“I never tilt”
I was chatting to an online friend yesterday who is making good progress through the micro-stakes. He has kept me updated with his graph and stats from holdem manager and yesterday there was a 4 buy-in slump around 8k hands into his 50NL foray. Pretty normal we both agreed. I enquired as to how he was taking it and he told me he doesn’t tilt and he is immune to bad beats by now. Of course, anyone who truly can avoid the subtlest form of tilt has a very bright future in poker. Now as it turned out he was destined to have a pretty shitty Sunday, losing 150bb with a flopped straight Vs set and over 300bb with another flopped straight Vs overpair as I recall. How did he react? Well, like a normal person.
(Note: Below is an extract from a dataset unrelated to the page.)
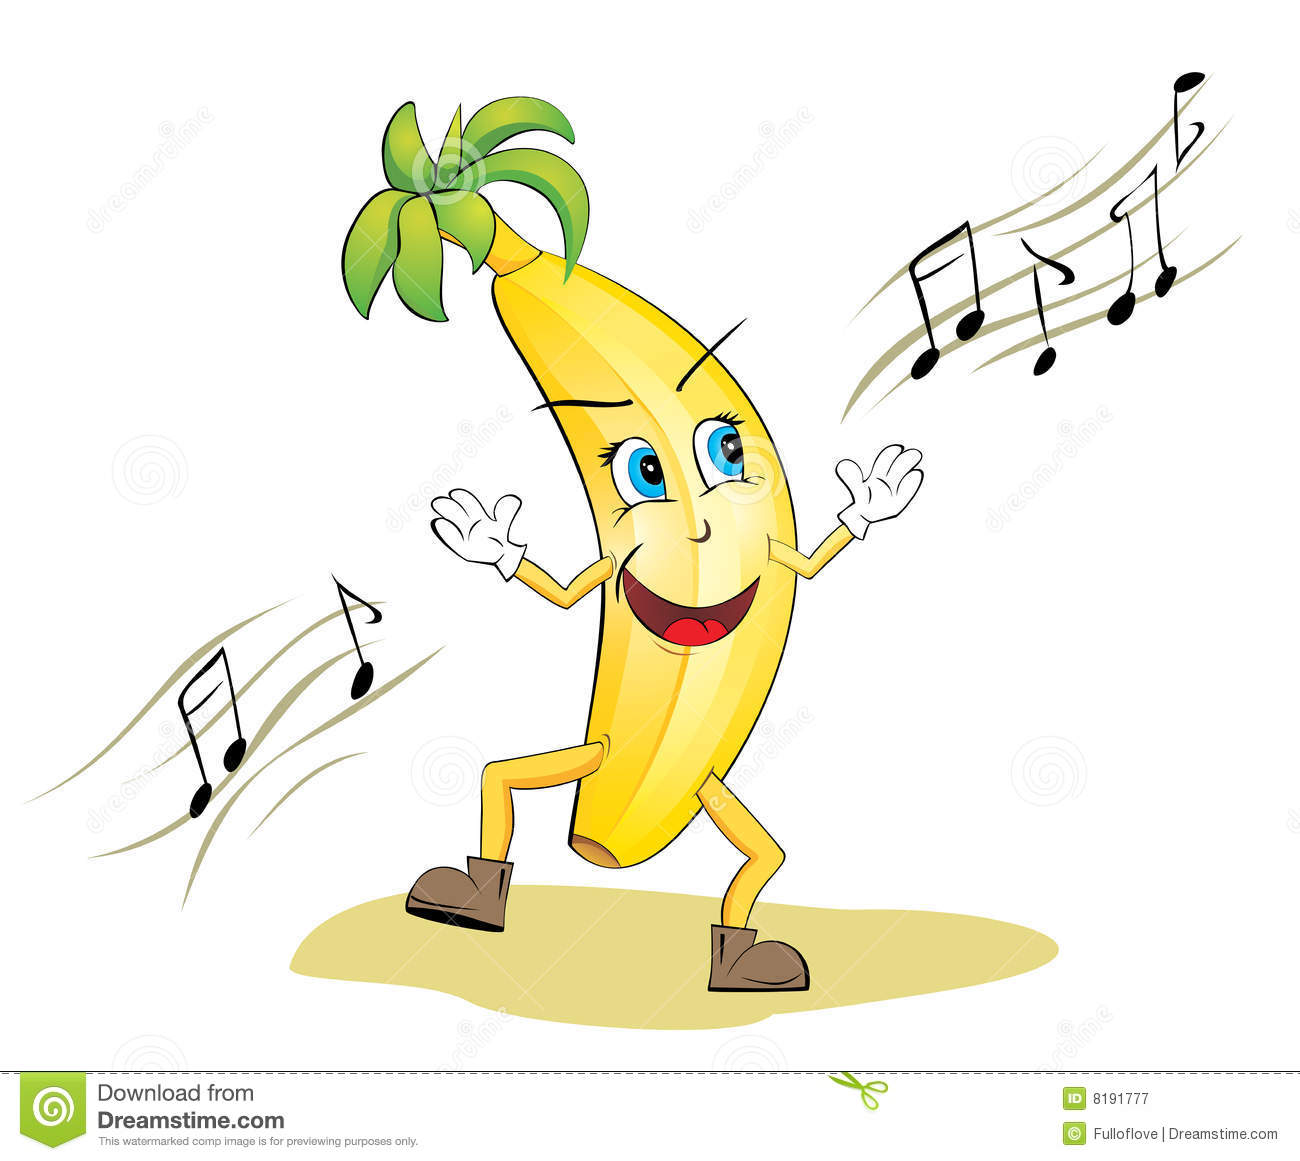  explore wallpaperswala com download clips very funny banana couple jpg

No one I know in poker has reached the level of emotional superman. That is, if you drop 8 buyins in games where fish are queueing up to get their money in with 2 outers, it kind of hurts. The mechanism of play good, reach long-run, make money starts to look a little less certain. We start to question the logic of poker in the most subtle and creepingly irrational ways: “it happens everytime at the weekend against huge fish” or “I’m gonna quit, I’m not tilting but maybe a break will end my bad streak”. We’ve all felt like this and I’m sure you can recognise the emotions involved. But I’ll be damned if it doesn’t make it that little bit harder to fold two pair when the fish has likely binked his flush draw on the river.
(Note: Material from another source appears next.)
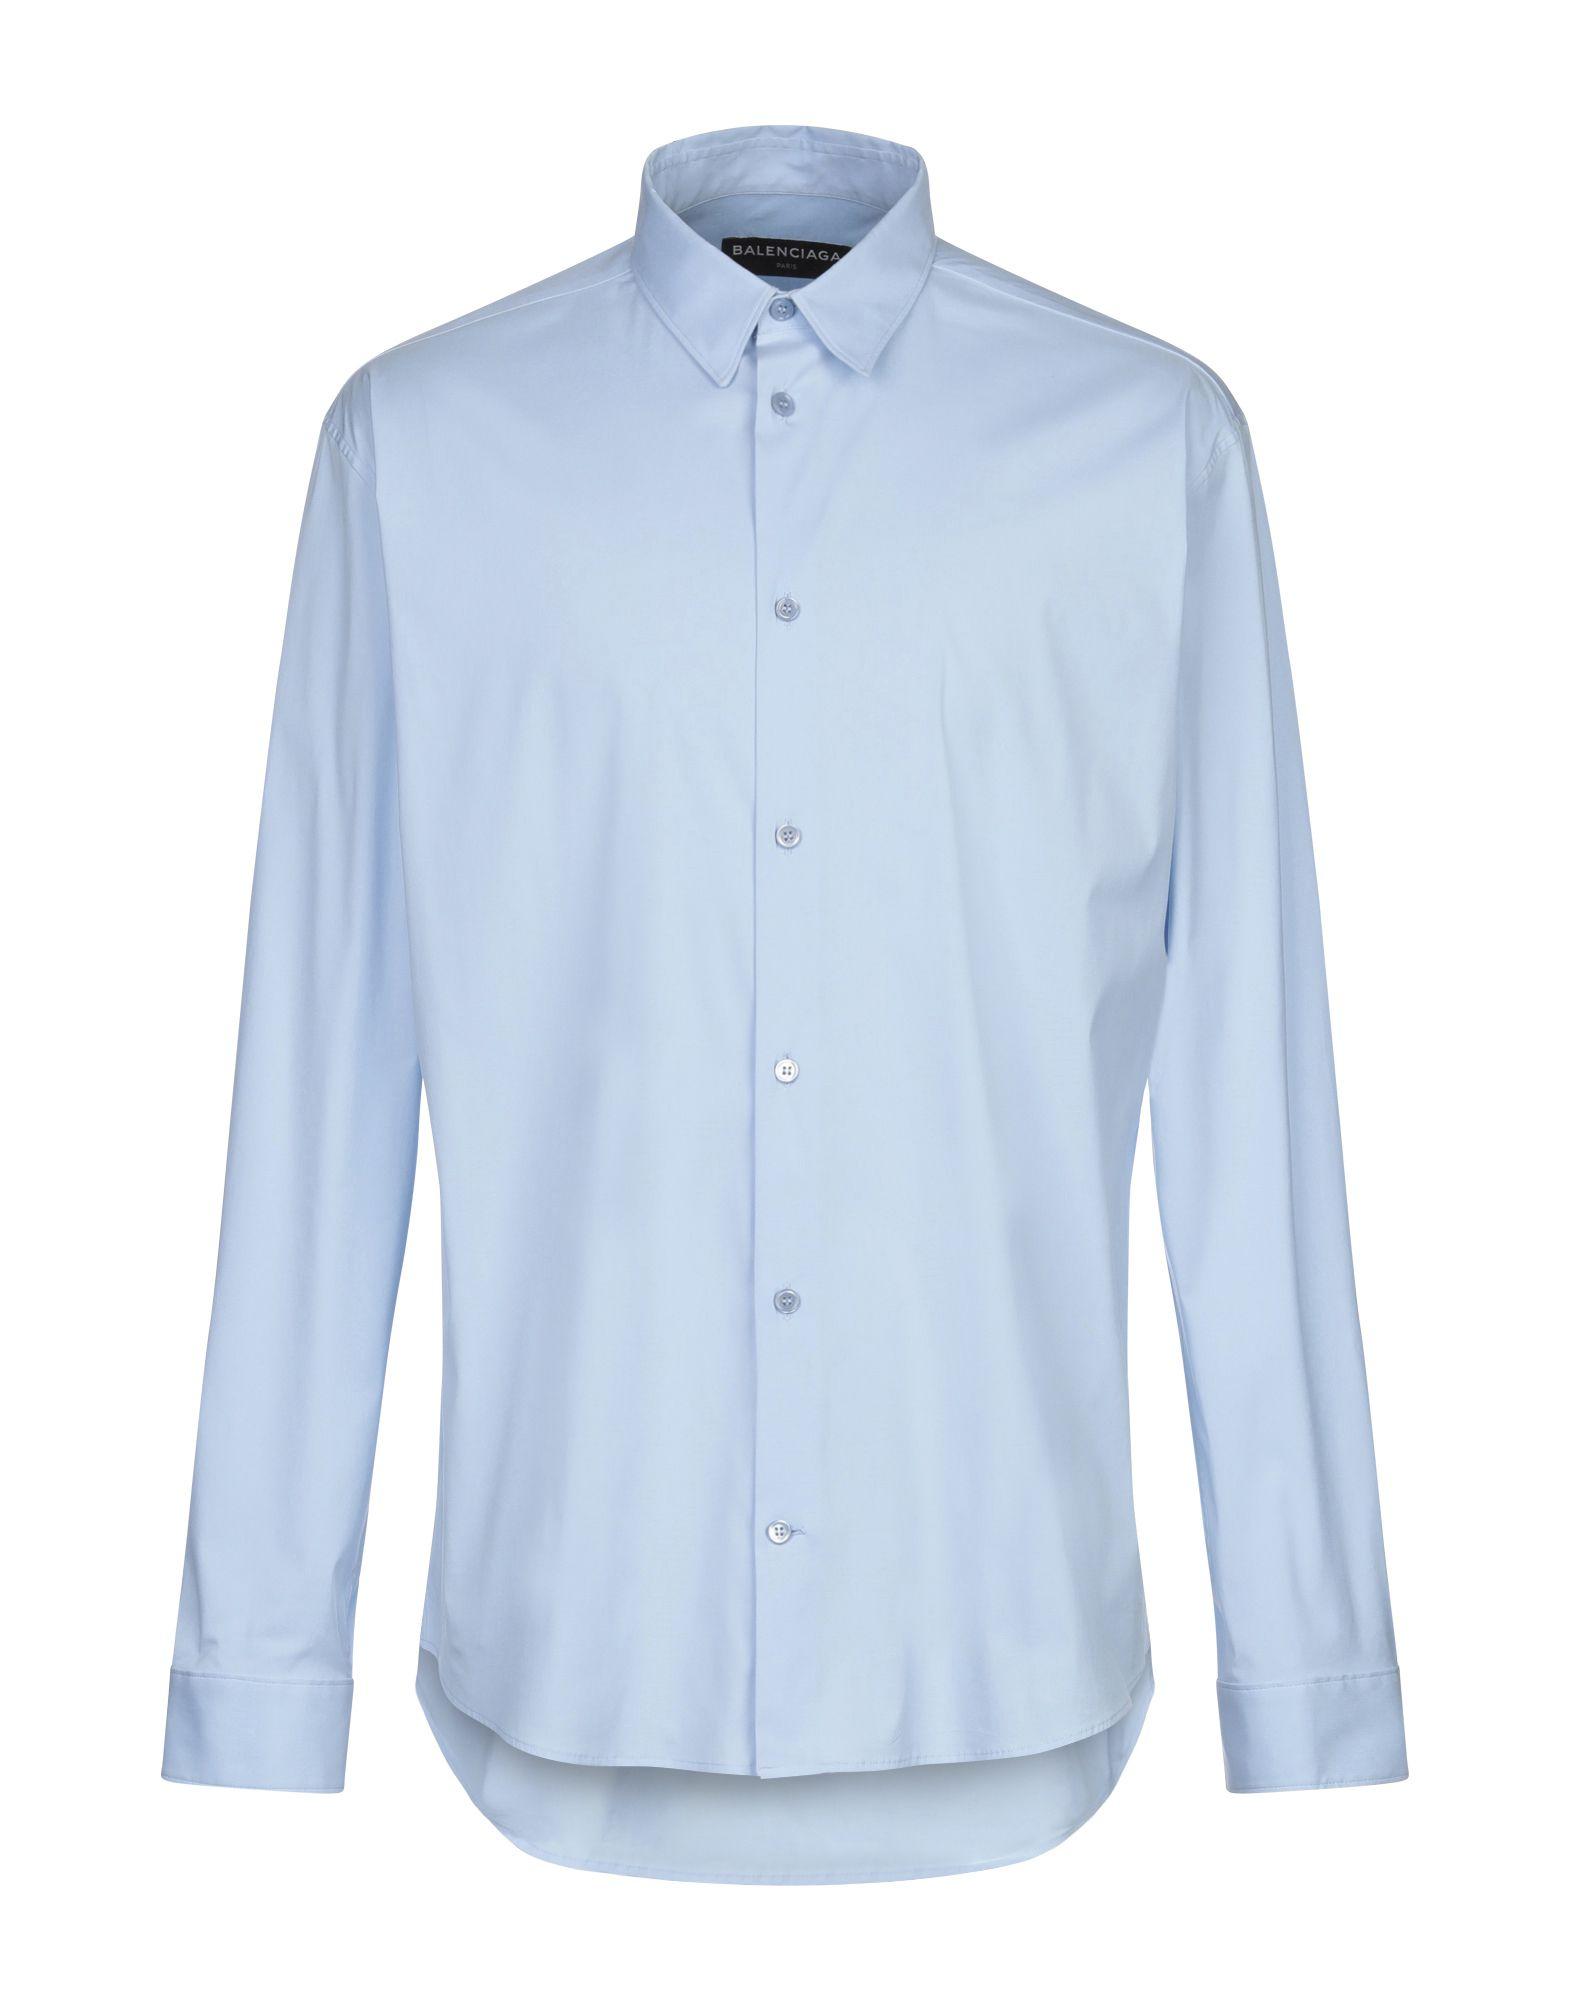 Balenciaga Cotton Shirt in Sky Blue (Blue) for Men - Lyst

The point is we can still make good decisions when we’ve had a day like this but there’s still some distance to go before we are at the level of mental nirvana where tilt simply doesn’t factor in. If we were, we would simply recognise and appreciate all the times that we made a good +EV decision and got our money in significantly ahead. We would relish staying at the table with a villain who just poached 350bb from you with a 2 outer. We would play for as long as our bankroll management rules and mental alertness allowed. But it doesn’t work like that, sometimes we just have to say “fuck it” and sit out for our own good, and that’s where tilt lives.